The elegance of Raft is what made it famous. Diego Ongaro designed it explicitly to be understandable, publishing it as a direct response to the opacity of Paxos. That clarity made Raft the consensus algorithm of choice for a generation of distributed databases and coordination services. But most explanations of Raft celebrate the clean decomposition into leader election, log replication, and safety without dwelling on what happens at the edges of that safety guarantee.

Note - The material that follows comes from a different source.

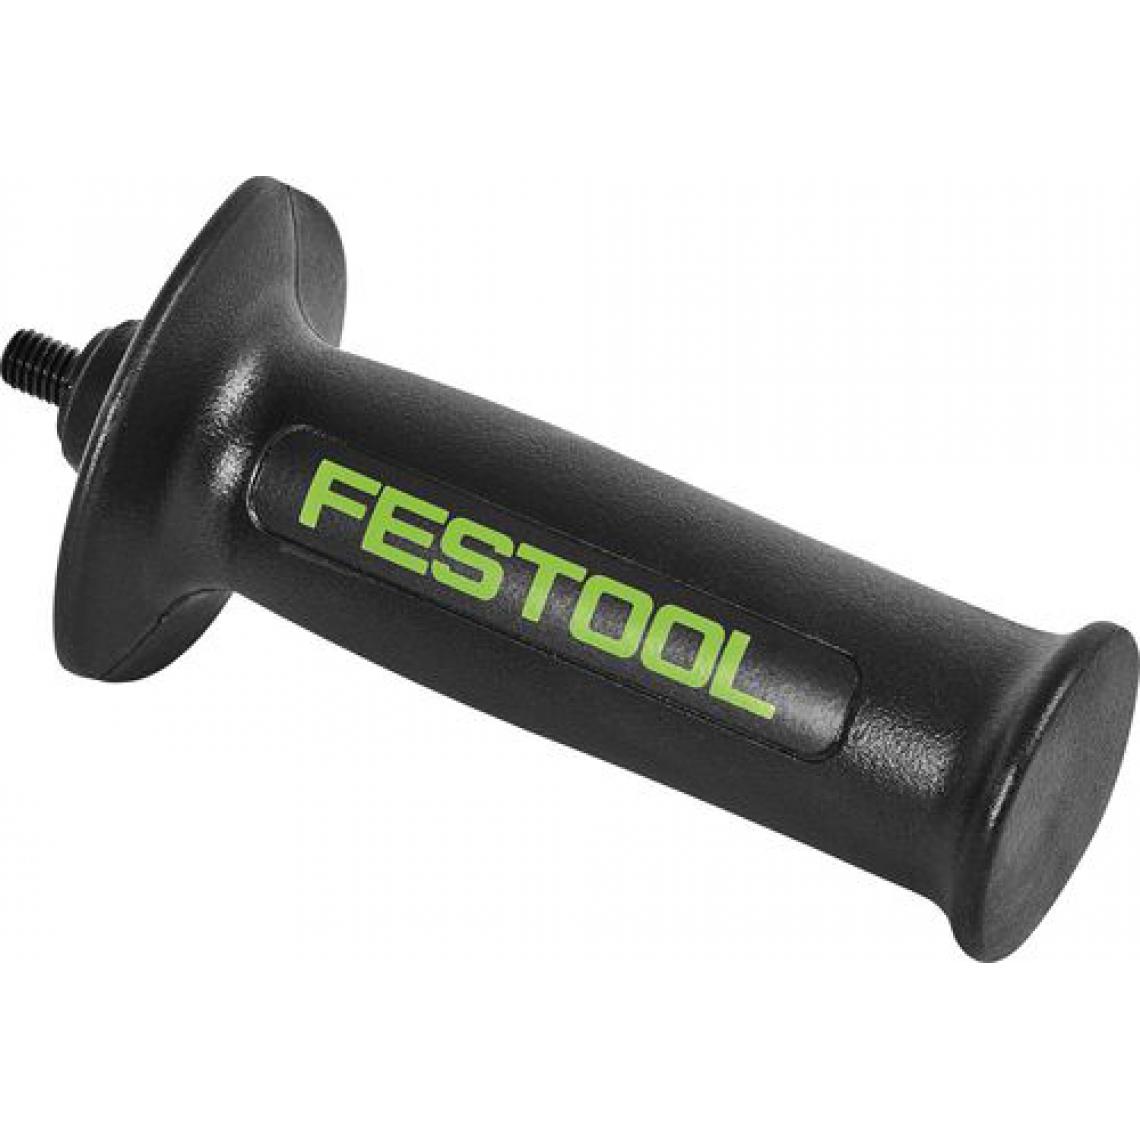 Festool - Poignée supplémentaire FESTOOL AH-M14 VIBRASTOP - 769621 - Accessoires sciage, tronçonnage

The majority requirement is not a tunable parameter. It is load-bearing. Shrink the quorum and you risk split-brain — two leaders, two diverging logs, corrupted state. The engineering community largely accepted this trade-off and moved on, treating quorum loss as an operational problem to be solved with better hardware redundancy or faster node recovery. That assumption held until someone asked whether the math behind a card game offered a different way to think about overlap guarantees entirely.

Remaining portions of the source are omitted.